Esta historia me ha transmitido muchos sentimientos y tan intensos... Que son difíciles de explicar... Son historias que me gusta compartir con vosotros. Espero que lo disfrutéis un saludo mis queridos lectores. "

1r Capitulo

Hércules se demoró en llegar. Cuando alcanzó su destino saludó a Cíniras con un rápido gesto, atravesó la barrera y se dirigió directamente a los baños. Nadie cuestionaba sus ausencias, a excepción del lanista. A pesar de la grave lesión que había sufrido meses atrás, todavía era considerado el campeón de Roma y gozaba de su total confianza para entrar y salir del ludusa placer.

Todavía en el atrio empezó a quitarse la túnica y cuando llegó a la piscina ya estaba desnudo. Más pausadamente se adentró en el agua, agradeciendo la tibieza del líquido elemento que relajó sus músculos. También ansiaba liberar su mente, pero no sería ese el día en que esta le dejara en paz.

Porque recordó.

A los dieciseis años había sido emboscado por un escuadrón de exploradores romanos mientras viajaba con su padre, su madre y su prima con el fin de visitar a la familia de esta.

Hércules se tensó de rabia al recordar el rostro de aquel romano. Aquel que, tras abatir a su padre, lo había separado de su madre y se lo había llevado a Roma, la capital del Imperio que le había arrebatado su identidad.

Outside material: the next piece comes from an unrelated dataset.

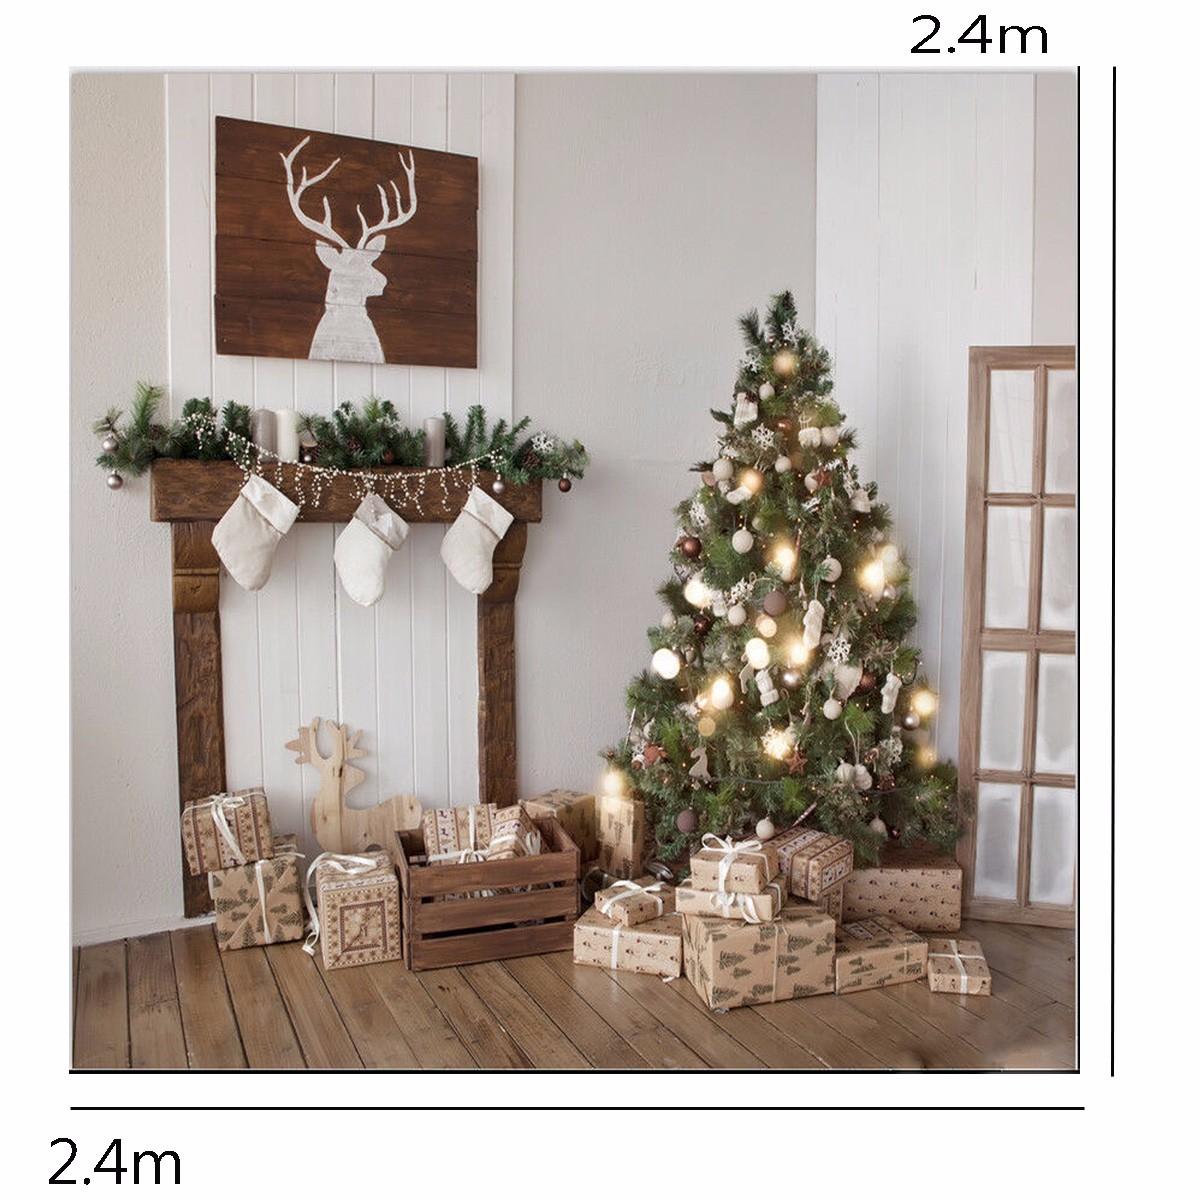 8X8FT Christmas Custom Photography Background Square Backdrop Studio Prop 2.4mx2.4m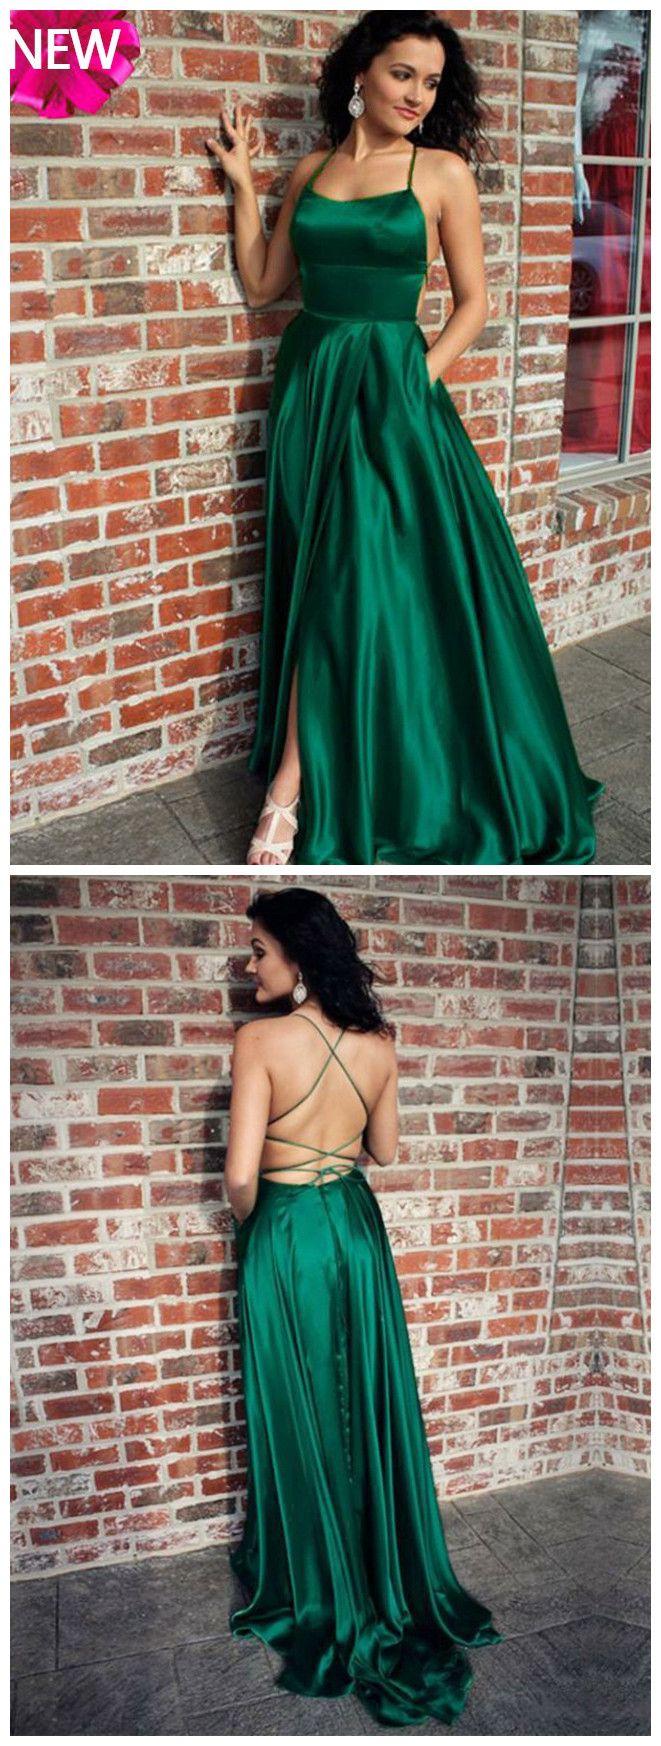 chic aline prom dresses hunter spaghetti straps long prom

Había llegado al puerto en una galera que transportaba mercancía humana. Todavía podía recordar el olor a excrementos y los gritos de los enfermos cuando eran arrojados por la borda durante la travesía. Él se había librado gracias a su buena salud y fuerza.

Había visto muchas cosas horribles a lo largo de su vida, pero aún le atormentaba la imagen de aquellas enmohecidas jaulas donde las mujeres y sus hijos enfermos suplicaban clemencia antes de ser arrojados al abismo del mar, para no contagiar a los esclavos sanos.

Una vez en tierra había sido expuesto, desnudo y despojado de toda dignidad, durante una larga y fría tarde de otoño en la que diversos mercaderes lo habían inspeccionado como si de una res se tratara, hasta que un acaudalado comerciante, encandilado por su belleza y fuerza, lo había adquirido por un precio irrisorio.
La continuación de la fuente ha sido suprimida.